The six seasons of Jimmy's association with Villa were notable for the Cup finals - both between the Villa and Albion 1886-7 Villa were successful by 2:0 but in 1891-2 Albion had their revenge and caused a sensation throughout the football world by beating their more fancied rivals by 3:0. It was that match and result which caused Jimmy Warner to cast aside Villa colours.

Embittered by defeat, Villa partisans accused him of selling the Cup final - the last by the way at Kennington Oval. It was a cruel accusation which, I placed on record, the slanderers lived to regret.

Jimmy was a broken hearted man. He migrated to America and lived the remainder of his life with the family of his eldest daughter at Pittsburgh Pennsylvania. As football history has conclusively proved. It was not any shortcoming on the part of the goalkeeper, but Albion's great halfback and forward work that was responsible for Villa's humiliation.

A brilliant run, a perfect centre by Billy Bassett, and a great shot by Geddes first struck confusion in Villa's ranks, and another dash by Bassett and a goal from Nicholls had virtually put an end to Villa.

Billy Groves, Charlie Perry and Johnny Reynolds, Albion's halfbacks, held Villa forwards in a vice in the second half and when Reynolds put in Albion's third in the second half, Villa and their camp followers returned home a mournful miserable company.

In those far off days they hadn't fully assimilated the true ideas of sportsmanship.

At Pittsburgh, Jimmy Warner happy in new environment. Lived to forget his football sorrows. He was a moulder by trade. He lived, as I said with his eldest daughter, Mrs Lloyd, in good circumstances. On her death he ceased work to "mother" a family who appreciated his care and attention. In addition to his five daughters, Jimmy had two sons. The eldest boy James is still living not far from Niagara Falls.

The younger one Leonard gave his life at the age of 24 in the First World War.

In addition to Mrs Lloyd, Mrs Smith (the youngest of the daughters) departed her life two years ago in Birmingham. Two other daughters at the present reside in Winson Green and Ward End respectively.
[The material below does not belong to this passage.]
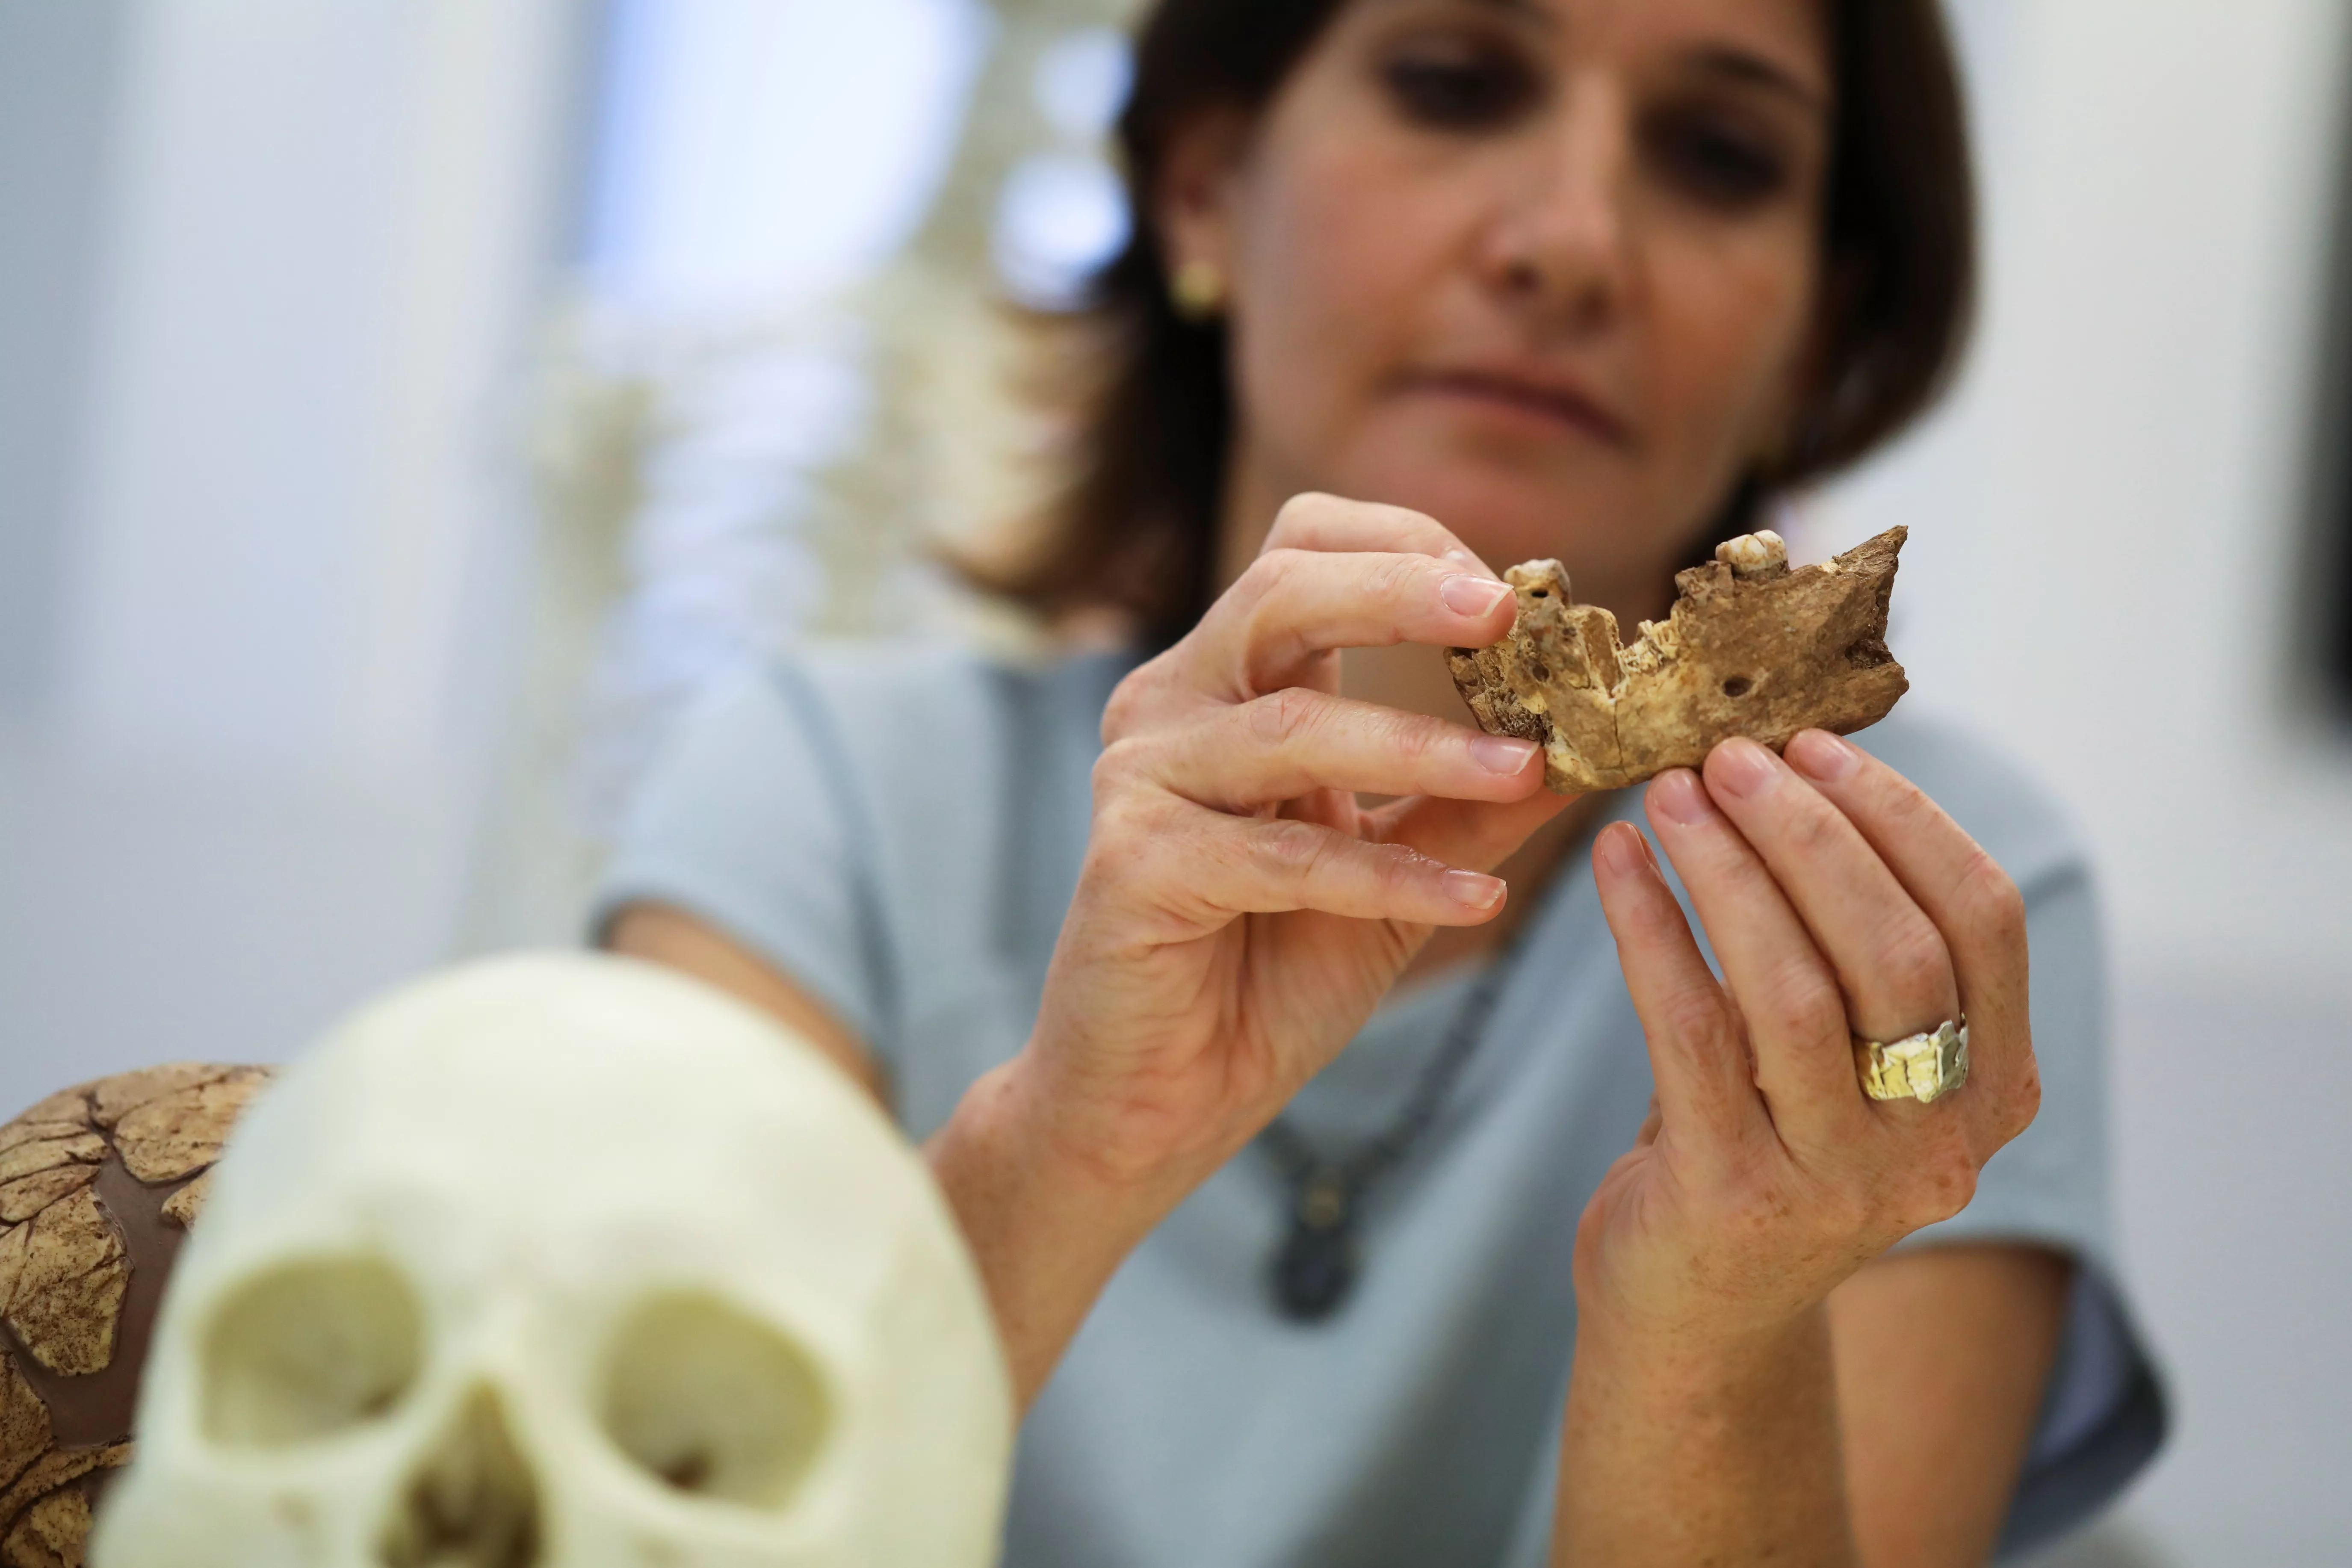 Прежде неизвестный науке вид людей существовал 120-140 тысяч лет назад. Фото: REUTERS/Ammar Awad

There are nine grandchildren, five in America and four in England. Once again on behalf of myself and readers, many thanks to Miss Harris and Mrs Bolus for enabling us to throw light on a personal matter about which there as been endless discussion.

Family Reminiscence

In 1907, Jimmy immigrated to the USA and lived with his daughter (Lillian) in Brackenridge, PA. Jimmy was to find a home and save money to bring his wife and children to the USA. He never did; he was the town dandy and lived a life of wine and women. The Birmingham news article neglected to print that he was drunk at the time of his fatal fall. Jimmy is buried in Natrona Heights, PA at Mount Airy Cemetery. He shares a plot with his son-in-law, Arthur Lloyd, and his daughter, Lillian Gertrude Warner Lloyd.